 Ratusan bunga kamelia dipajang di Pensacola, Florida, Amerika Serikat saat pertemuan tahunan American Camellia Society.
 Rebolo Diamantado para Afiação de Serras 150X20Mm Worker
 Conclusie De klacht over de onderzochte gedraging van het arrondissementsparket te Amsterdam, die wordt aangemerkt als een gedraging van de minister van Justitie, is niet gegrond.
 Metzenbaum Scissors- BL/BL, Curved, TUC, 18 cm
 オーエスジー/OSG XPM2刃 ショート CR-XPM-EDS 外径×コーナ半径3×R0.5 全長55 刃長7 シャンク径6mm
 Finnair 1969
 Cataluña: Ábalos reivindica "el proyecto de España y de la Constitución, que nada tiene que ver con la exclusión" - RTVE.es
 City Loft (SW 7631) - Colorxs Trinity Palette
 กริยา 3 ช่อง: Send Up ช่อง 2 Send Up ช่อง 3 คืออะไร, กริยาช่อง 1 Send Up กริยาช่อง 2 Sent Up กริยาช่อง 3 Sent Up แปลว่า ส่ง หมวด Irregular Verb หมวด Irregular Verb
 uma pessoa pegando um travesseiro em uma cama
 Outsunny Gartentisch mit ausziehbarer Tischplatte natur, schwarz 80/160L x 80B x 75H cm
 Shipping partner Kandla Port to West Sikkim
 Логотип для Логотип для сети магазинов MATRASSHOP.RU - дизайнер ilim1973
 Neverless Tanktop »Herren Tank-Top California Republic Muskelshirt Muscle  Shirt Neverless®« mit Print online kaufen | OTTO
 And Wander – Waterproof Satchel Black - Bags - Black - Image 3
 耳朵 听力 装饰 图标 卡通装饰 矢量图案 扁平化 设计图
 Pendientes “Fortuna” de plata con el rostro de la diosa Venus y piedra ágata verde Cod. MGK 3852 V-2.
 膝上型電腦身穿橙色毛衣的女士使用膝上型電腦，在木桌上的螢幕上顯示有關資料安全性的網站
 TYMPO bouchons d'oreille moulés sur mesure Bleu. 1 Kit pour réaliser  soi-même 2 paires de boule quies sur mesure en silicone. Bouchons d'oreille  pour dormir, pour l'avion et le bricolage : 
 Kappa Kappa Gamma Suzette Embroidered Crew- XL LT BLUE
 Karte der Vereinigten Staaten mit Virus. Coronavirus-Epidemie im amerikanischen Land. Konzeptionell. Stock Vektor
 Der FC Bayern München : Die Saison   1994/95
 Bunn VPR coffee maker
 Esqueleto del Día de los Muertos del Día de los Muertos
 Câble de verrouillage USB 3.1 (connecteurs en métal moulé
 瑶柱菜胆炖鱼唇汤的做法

* * *

DESCRIPTION OF THE TASK:
All entries are to be printed once more, exactly as given.

RESPONSE FOR THIS EXERCISE:
 Ratusan bunga kamelia dipajang di Pensacola, Florida, Amerika Serikat saat pertemuan tahunan American Camellia Society.
 Rebolo Diamantado para Afiação de Serras 150X20Mm Worker
 Conclusie De klacht over de onderzochte gedraging van het arrondissementsparket te Amsterdam, die wordt aangemerkt als een gedraging van de minister van Justitie, is niet gegrond.
 Metzenbaum Scissors- BL/BL, Curved, TUC, 18 cm
 オーエスジー/OSG XPM2刃 ショート CR-XPM-EDS 外径×コーナ半径3×R0.5 全長55 刃長7 シャンク径6mm
 Finnair 1969
 Cataluña: Ábalos reivindica "el proyecto de España y de la Constitución, que nada tiene que ver con la exclusión" - RTVE.es
 City Loft (SW 7631) - Colorxs Trinity Palette
 กริยา 3 ช่อง: Send Up ช่อง 2 Send Up ช่อง 3 คืออะไร, กริยาช่อง 1 Send Up กริยาช่อง 2 Sent Up กริยาช่อง 3 Sent Up แปลว่า ส่ง หมวด Irregular Verb หมวด Irregular Verb
 uma pessoa pegando um travesseiro em uma cama
 Outsunny Gartentisch mit ausziehbarer Tischplatte natur, schwarz 80/160L x 80B x 75H cm
 Shipping partner Kandla Port to West Sikkim
 Логотип для Логотип для сети магазинов MATRASSHOP.RU - дизайнер ilim1973
 Neverless Tanktop »Herren Tank-Top California Republic Muskelshirt Muscle  Shirt Neverless®« mit Print online kaufen | OTTO
 And Wander – Waterproof Satchel Black - Bags - Black - Image 3
 耳朵 听力 装饰 图标 卡通装饰 矢量图案 扁平化 设计图
 Pendientes “Fortuna” de plata con el rostro de la diosa Venus y piedra ágata verde Cod. MGK 3852 V-2.
 膝上型電腦身穿橙色毛衣的女士使用膝上型電腦，在木桌上的螢幕上顯示有關資料安全性的網站
 TYMPO bouchons d'oreille moulés sur mesure Bleu. 1 Kit pour réaliser  soi-même 2 paires de boule quies sur mesure en silicone. Bouchons d'oreille  pour dormir, pour l'avion et le bricolage : 
 Kappa Kappa Gamma Suzette Embroidered Crew- XL LT BLUE
 Karte der Vereinigten Staaten mit Virus. Coronavirus-Epidemie im amerikanischen Land. Konzeptionell. Stock Vektor
 Der FC Bayern München : Die Saison   1994/95
 Bunn VPR coffee maker
 Esqueleto del Día de los Muertos del Día de los Muertos
 Câble de verrouillage USB 3.1 (connecteurs en métal moulé
 瑶柱菜胆炖鱼唇汤的做法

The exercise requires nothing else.